__Task directions__.
Could you give again exactly, and only, the lines from the one holding "Palazzo / Stabile" through the end of the data, both ends included, with pictures left out?

__Available data__.
▬▬▬▬▬▬
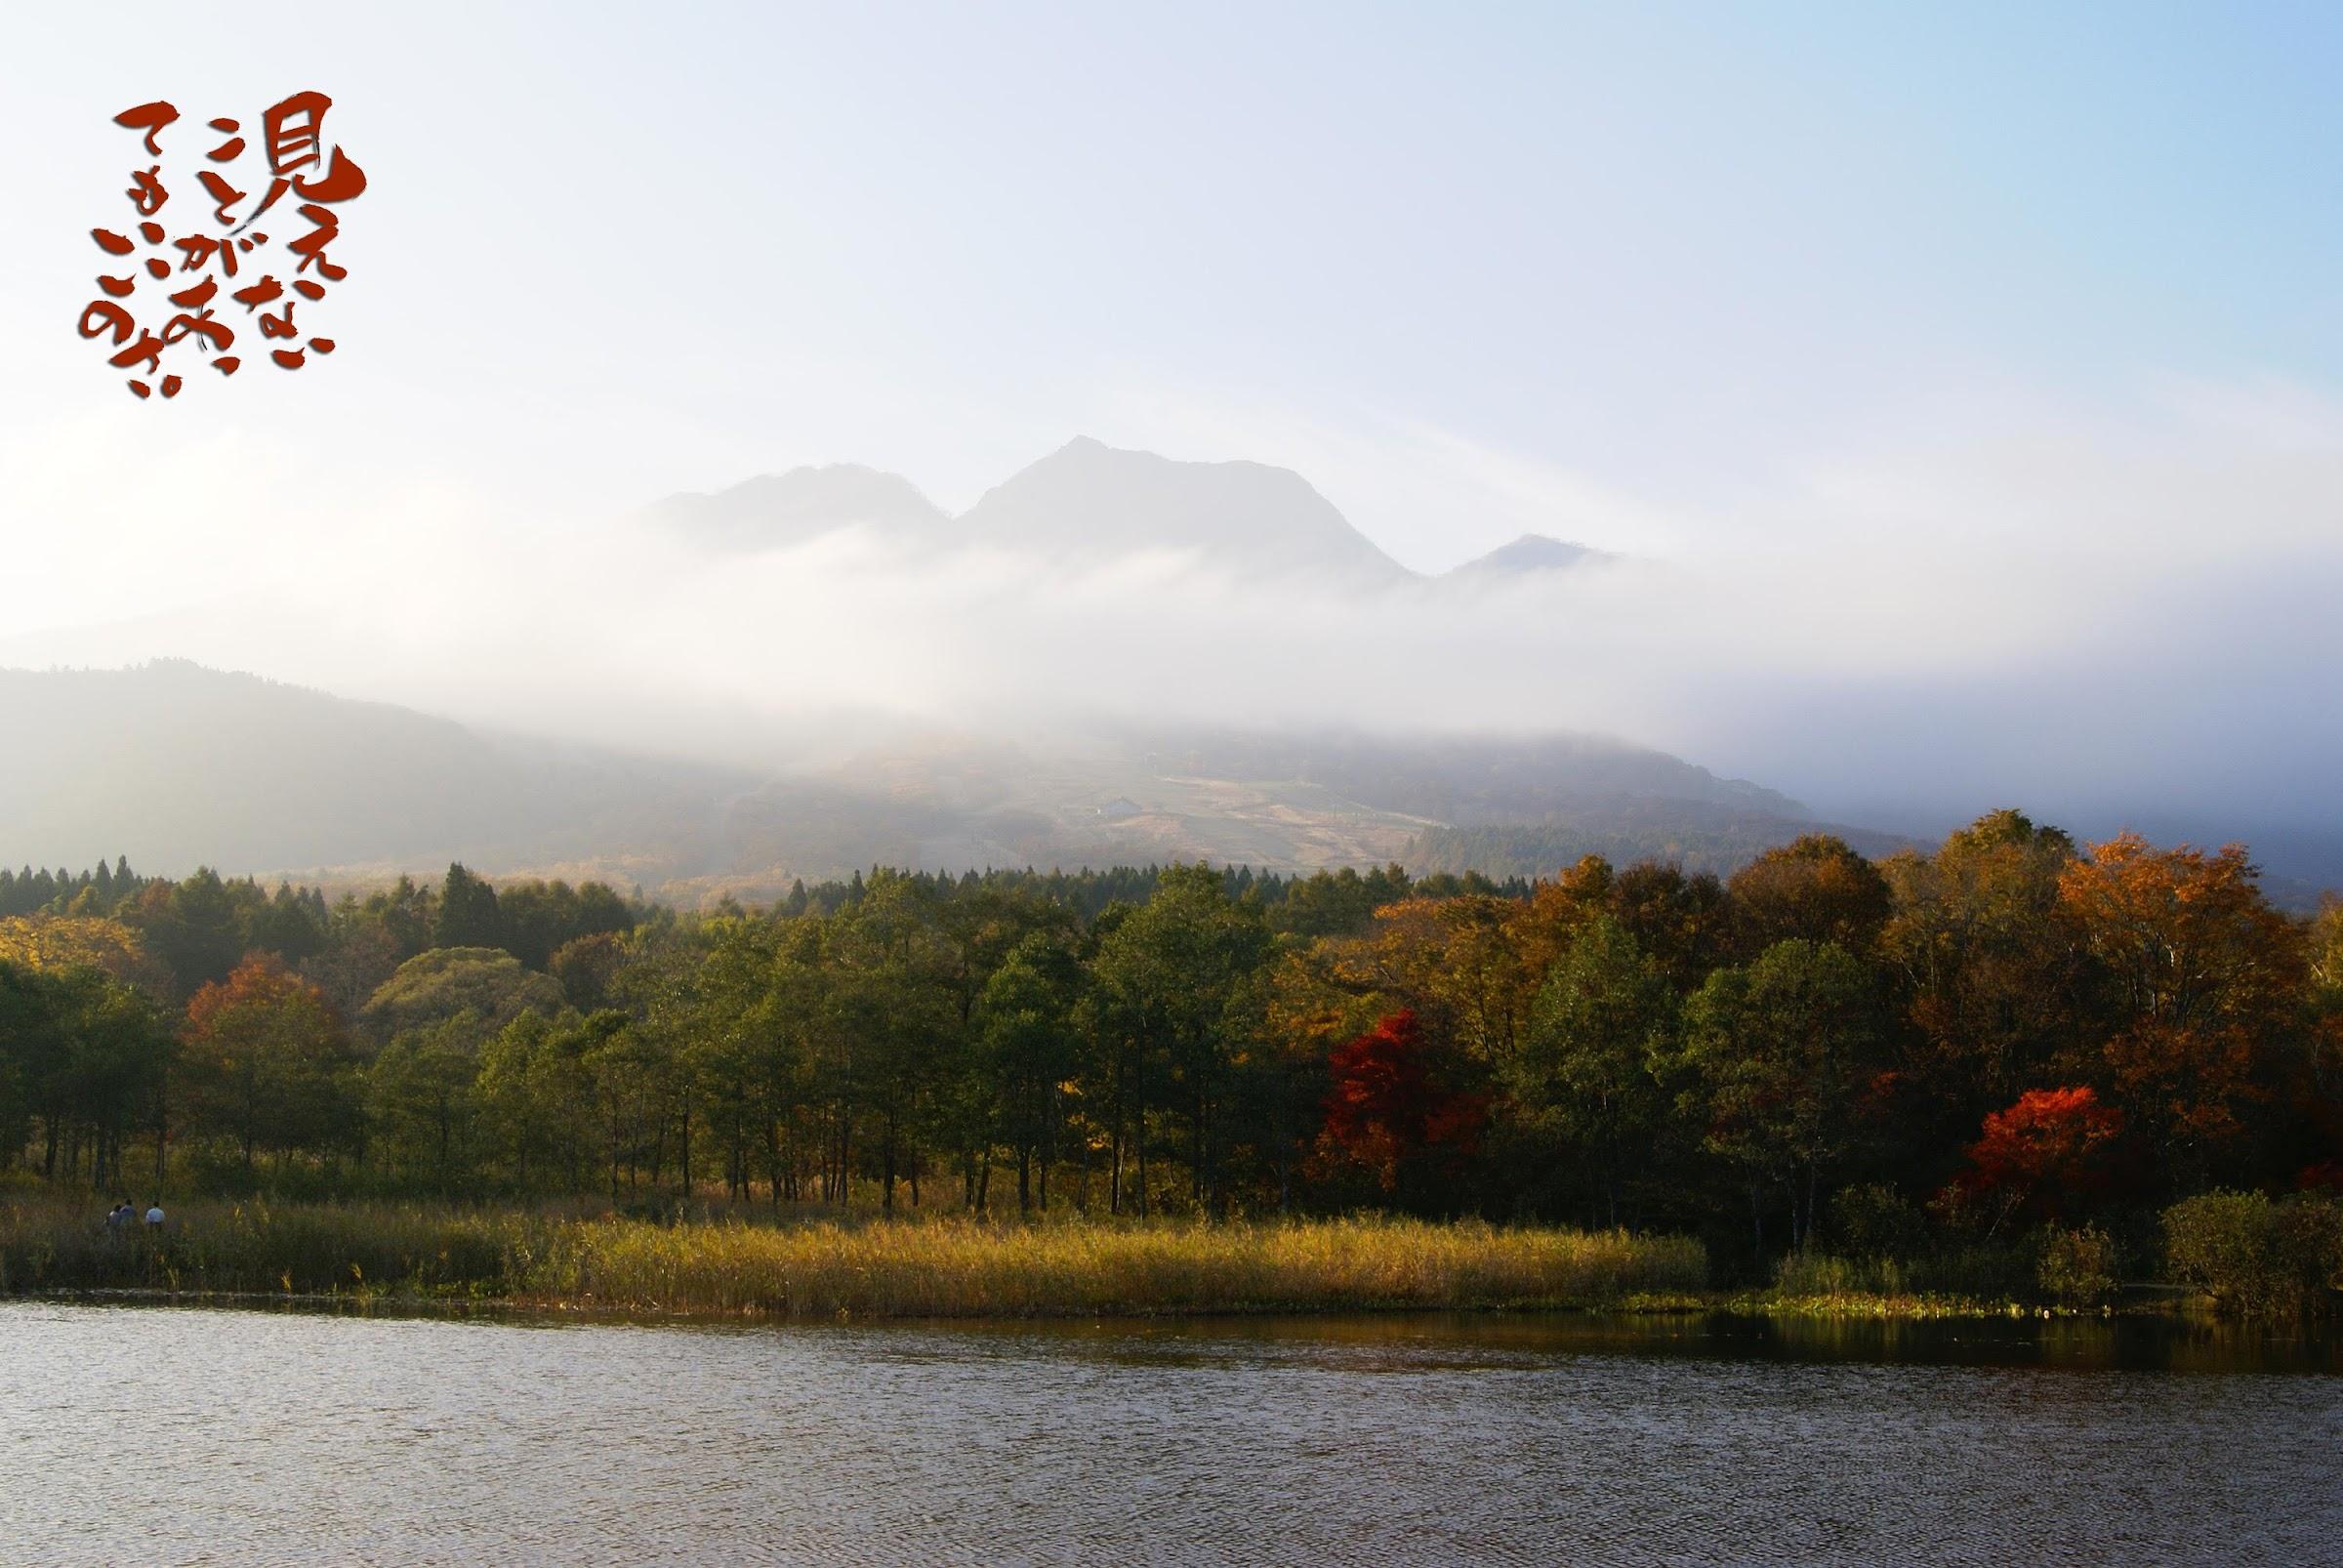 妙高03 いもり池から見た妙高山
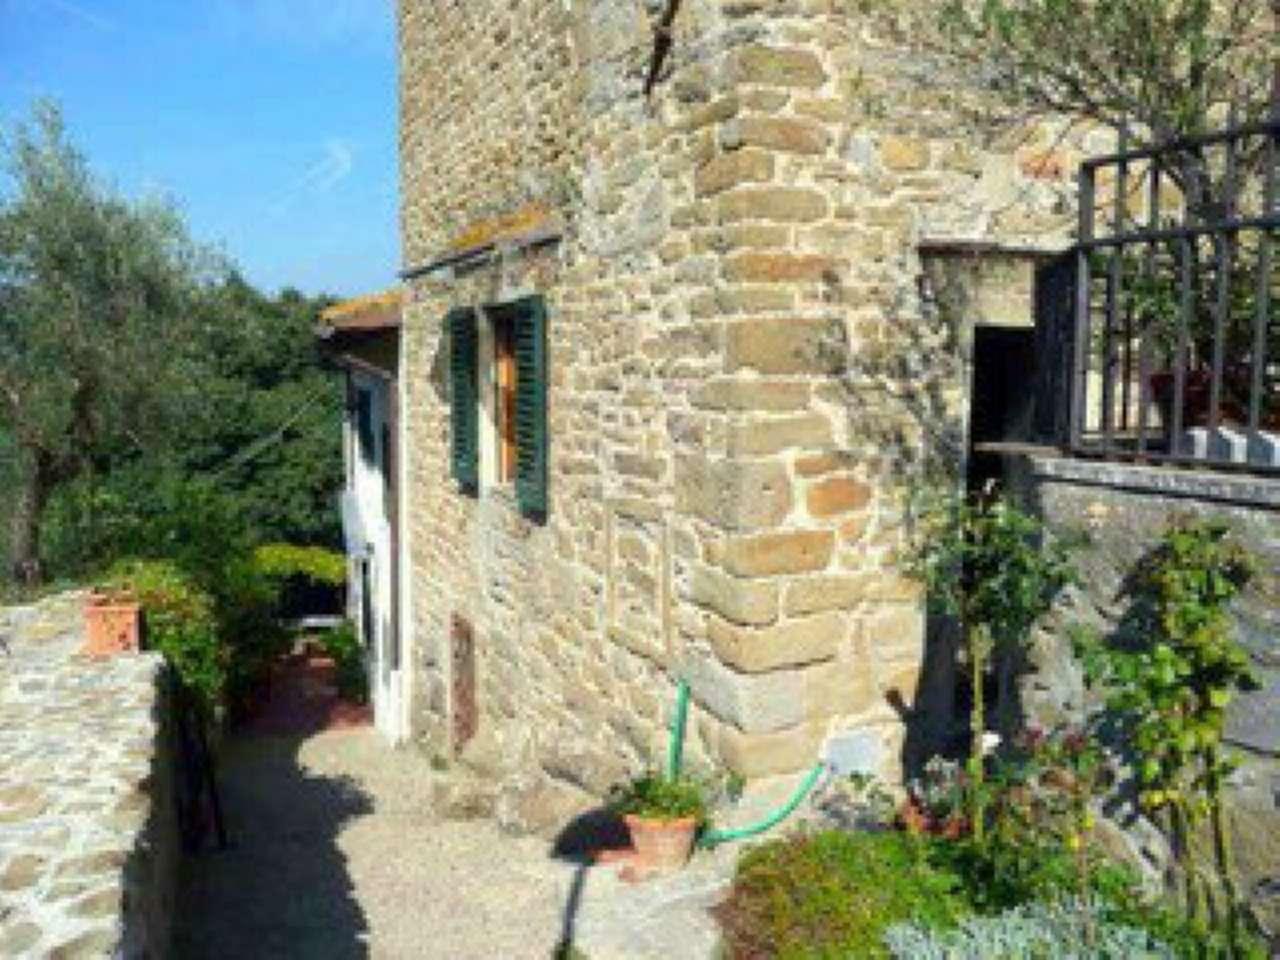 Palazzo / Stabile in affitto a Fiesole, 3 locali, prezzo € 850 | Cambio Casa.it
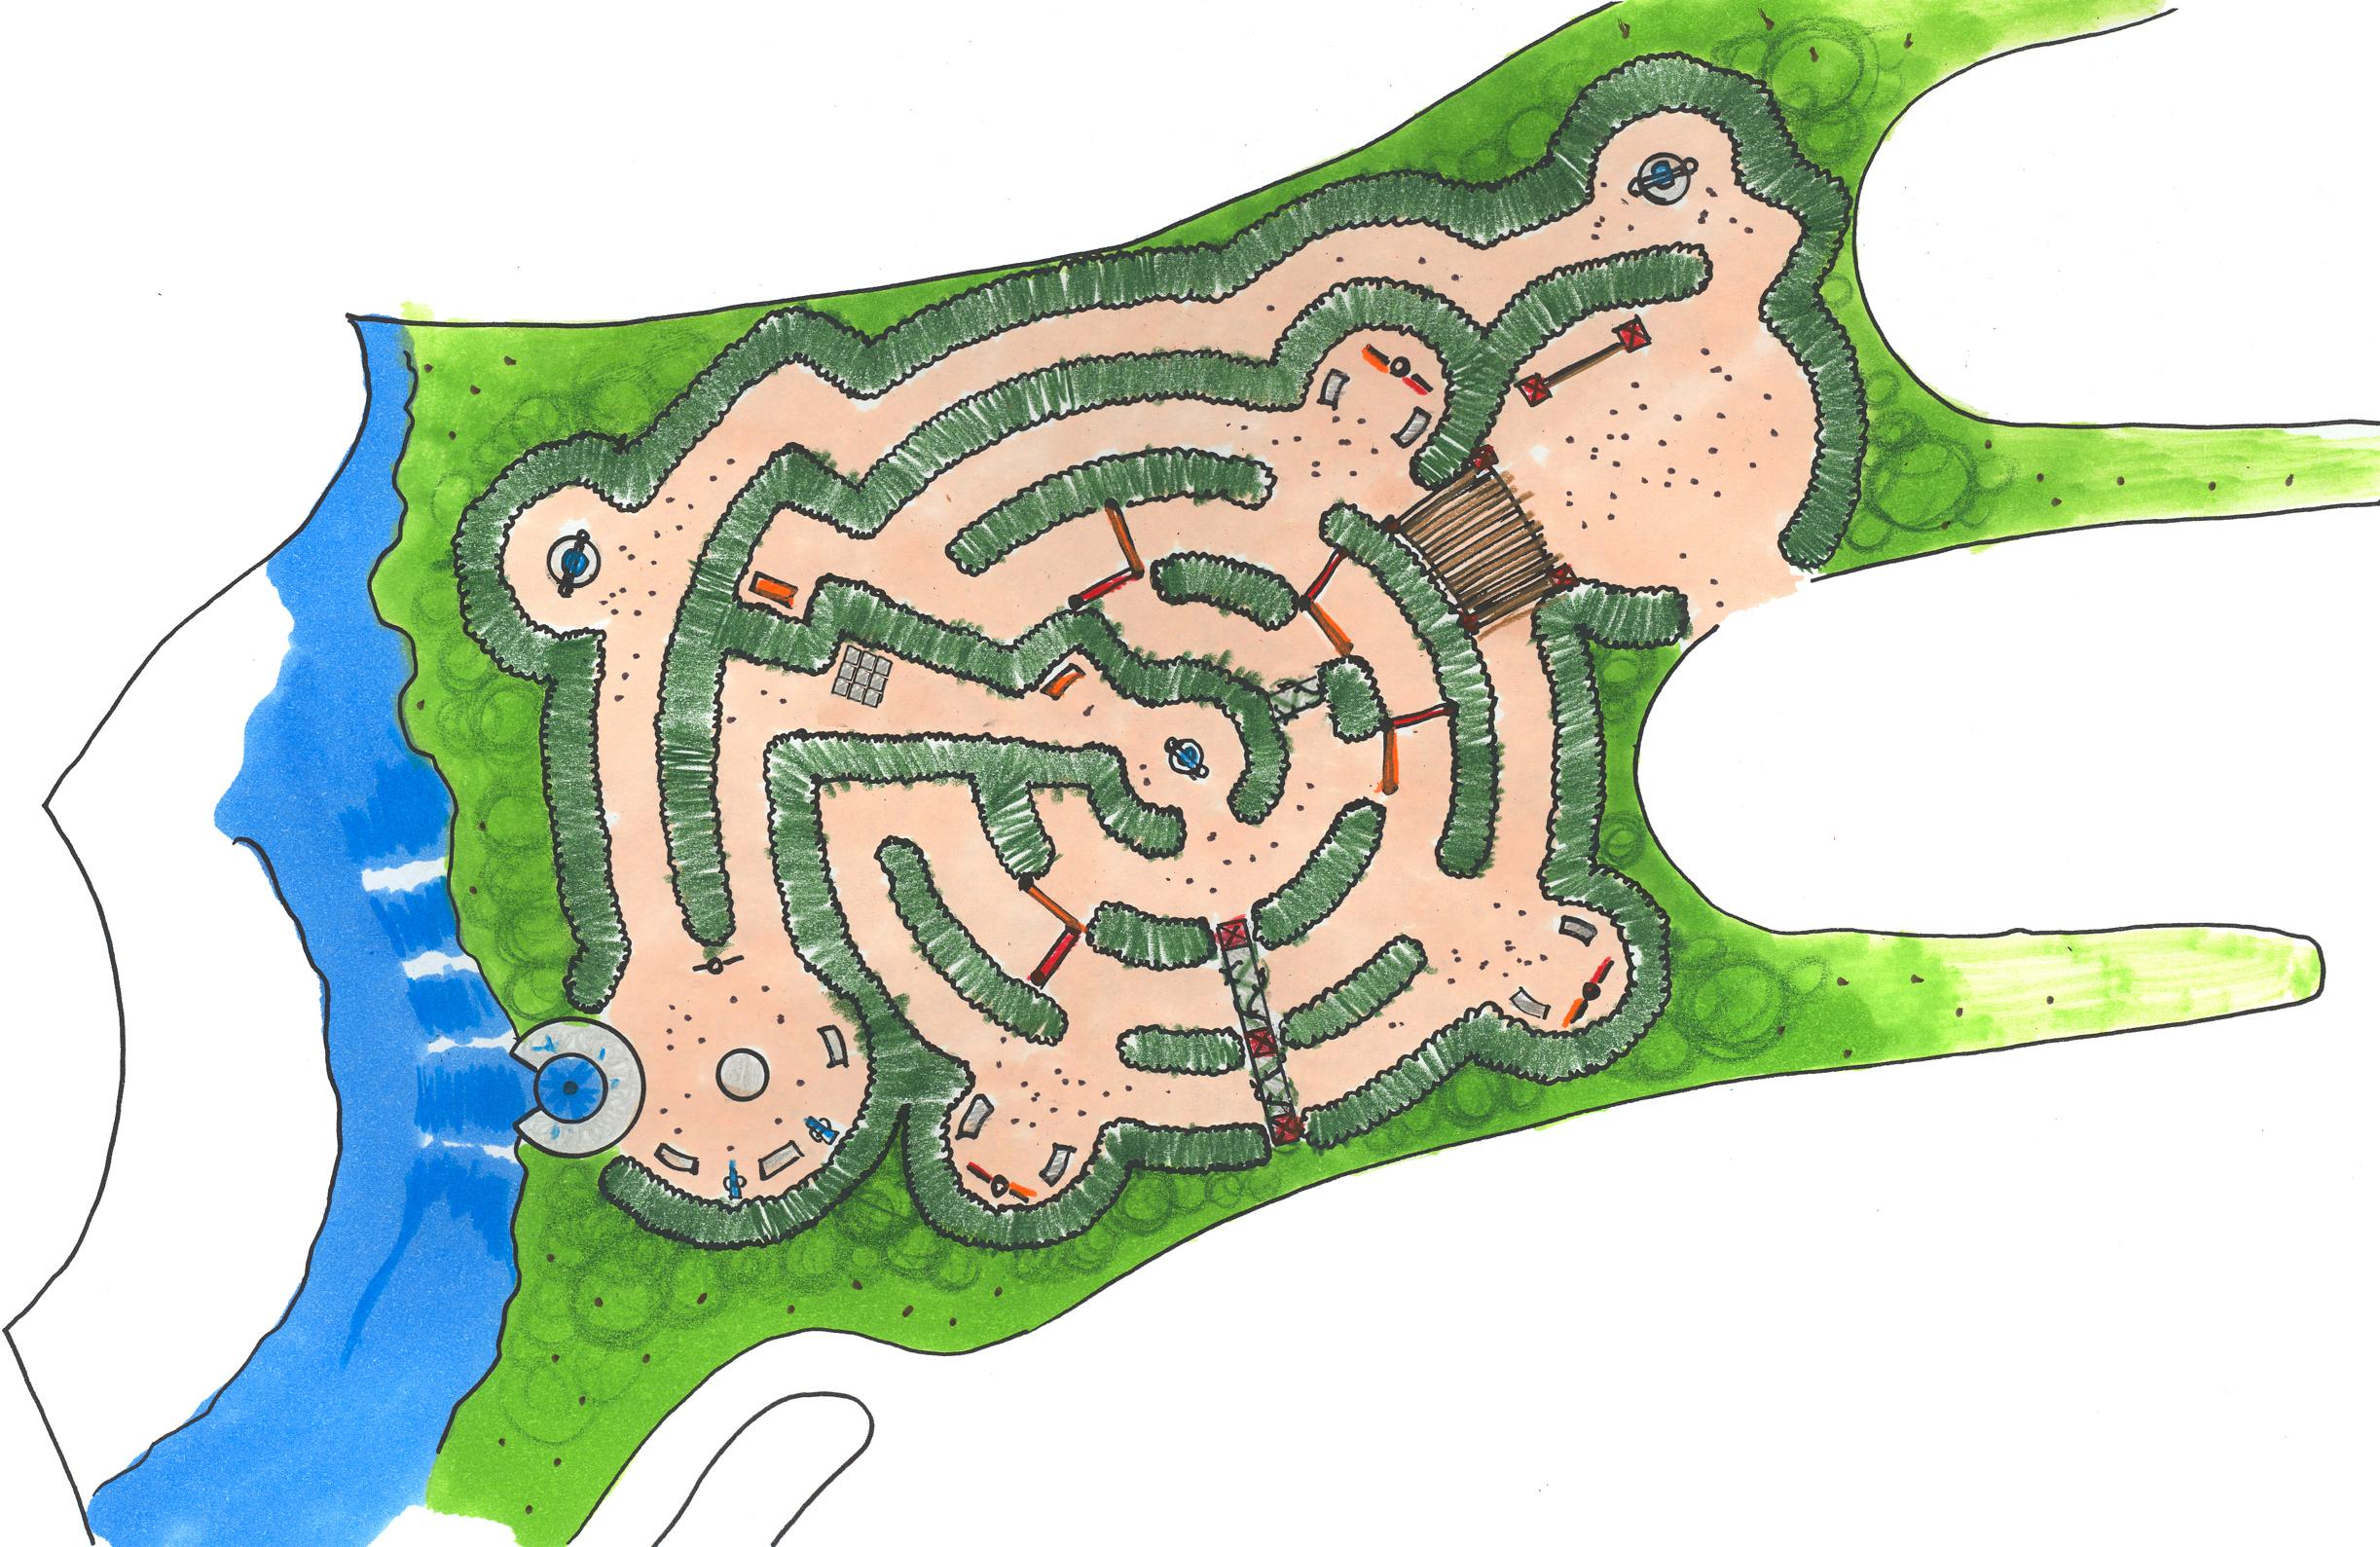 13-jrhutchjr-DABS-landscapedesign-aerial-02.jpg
▬▬▬▬▬▬
__Output of the exercise__.
 Palazzo / Stabile in affitto a Fiesole, 3 locali, prezzo € 850 | Cambio Casa.it
 13-jrhutchjr-DABS-landscapedesign-aerial-02.jpg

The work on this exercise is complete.